A week after Dell
began worldwide manufacturing of its Dell/EMC CX200 storage systems, IBM
HP, IBM, and EMC — the top
three storage vendors — are increasingly competing for additional market share in the mid-range as high-end sales stall. IBM predicts “medium-sized businesses will account for approximately $150 billion of IT spending globally in the next few years.”
Big Blue states it is introducing “a new entry-level storage server that is more scalable yet costs less than a similarly configured competing product from EMC.”
At a starting price of $14,995, the IBM TotalStorage FAStT600 provides three times the I/O performance and throughput of the previous FAStT200
model, according to IBM.
Coupled with a new Express version of its Tivoli Storage Resource Manager software, IBM asserts “these solutions offer medium businesses running
Linux, Windows, and UNIX applications an enterprise-like capability for managing heterogeneous storage networks at an affordable cost.”
The Tivoli SRM Express Edition, priced at $65 per desktop, is designed to deliver comprehensive storage resource monitoring and planning tools
for heterogeneous storage environments, according to IBM.

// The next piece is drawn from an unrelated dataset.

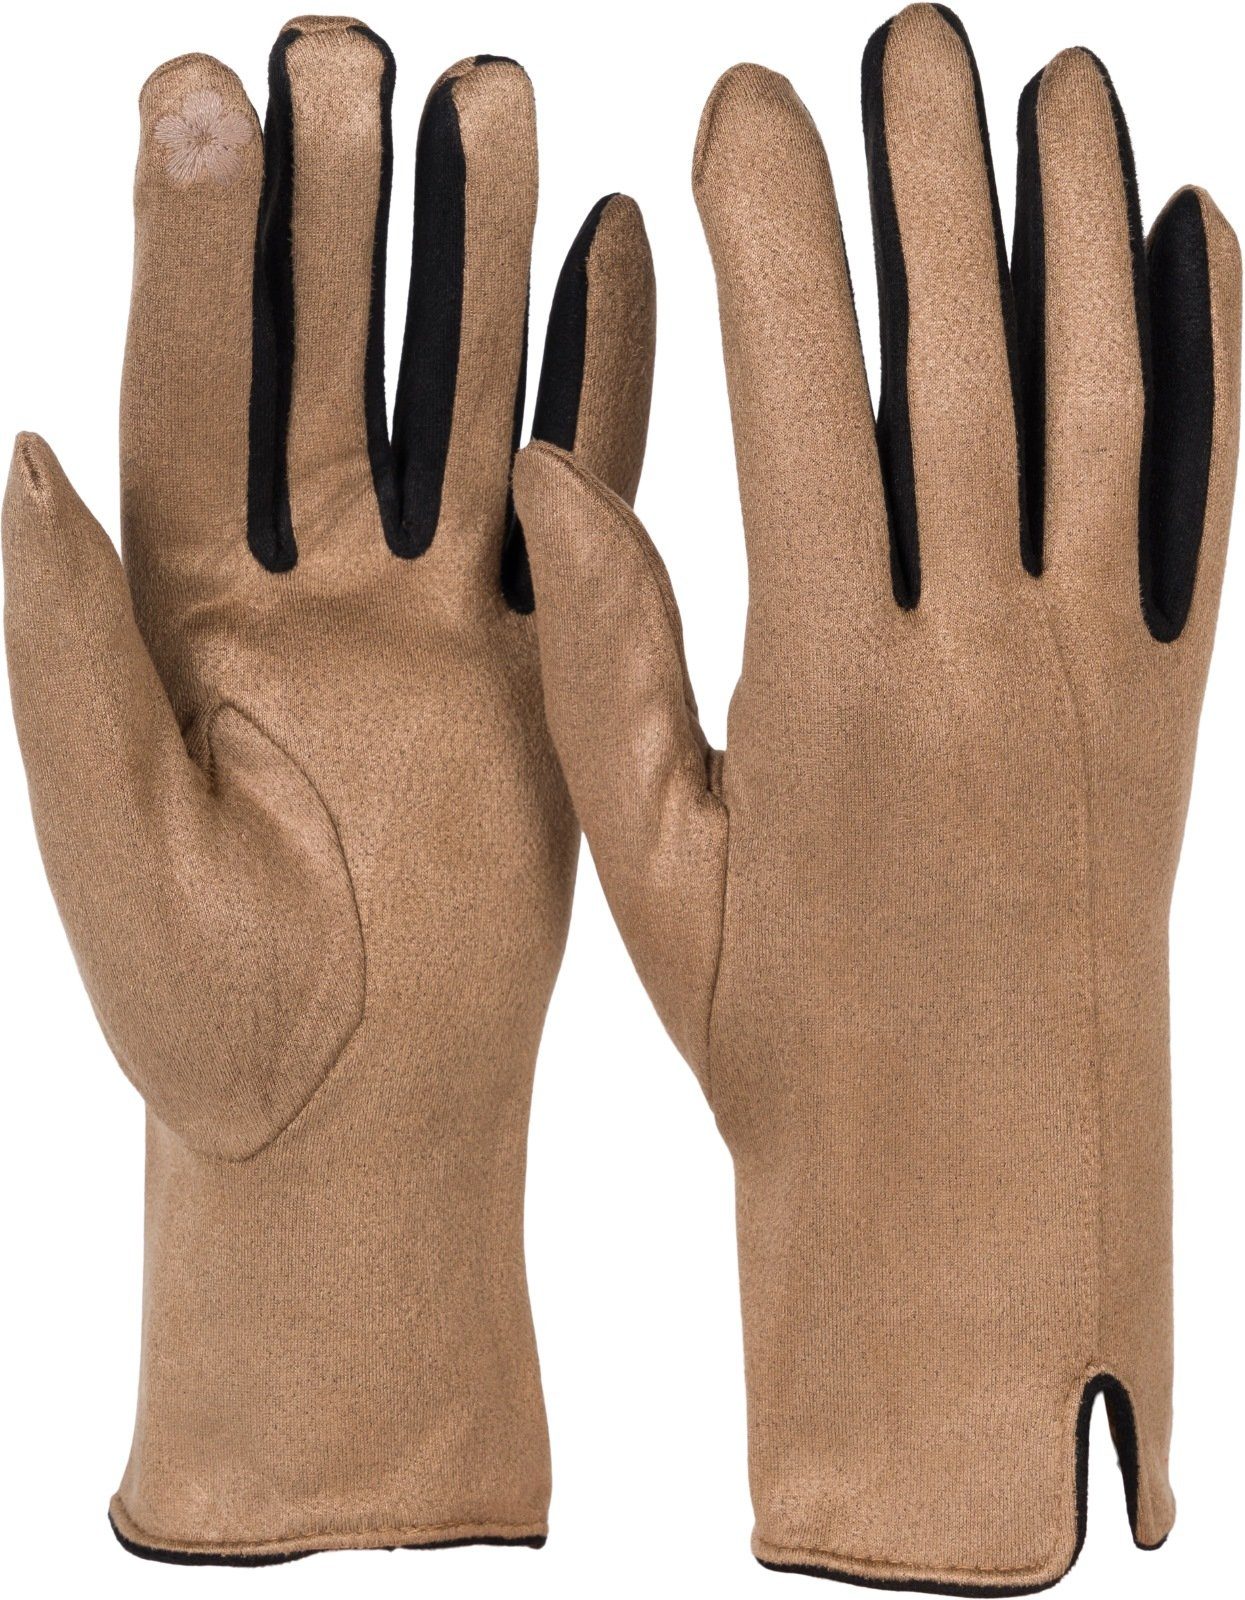 styleBREAKER Fleecehandschuhe Touchscreen Handschuhe Kontrast Taupe

Autonomic (self-healing) functions in the FAStT600 include Dynamic Capacity Addition, which allows unused storage to be brought online without stopping operations, and FAStT Service Alert, which can automatically alert IBM if a problem occurs.
“Cost and ease of use are the two key concerns for medium-sized businesses,” says Roland Hagan, vice president of storage marketing for the IBM Systems Group. “IBM is delivering a set of storage networking solutions designed and priced for these customers, while providing high-performance technology needed for today’s on-demand networked storage environment.”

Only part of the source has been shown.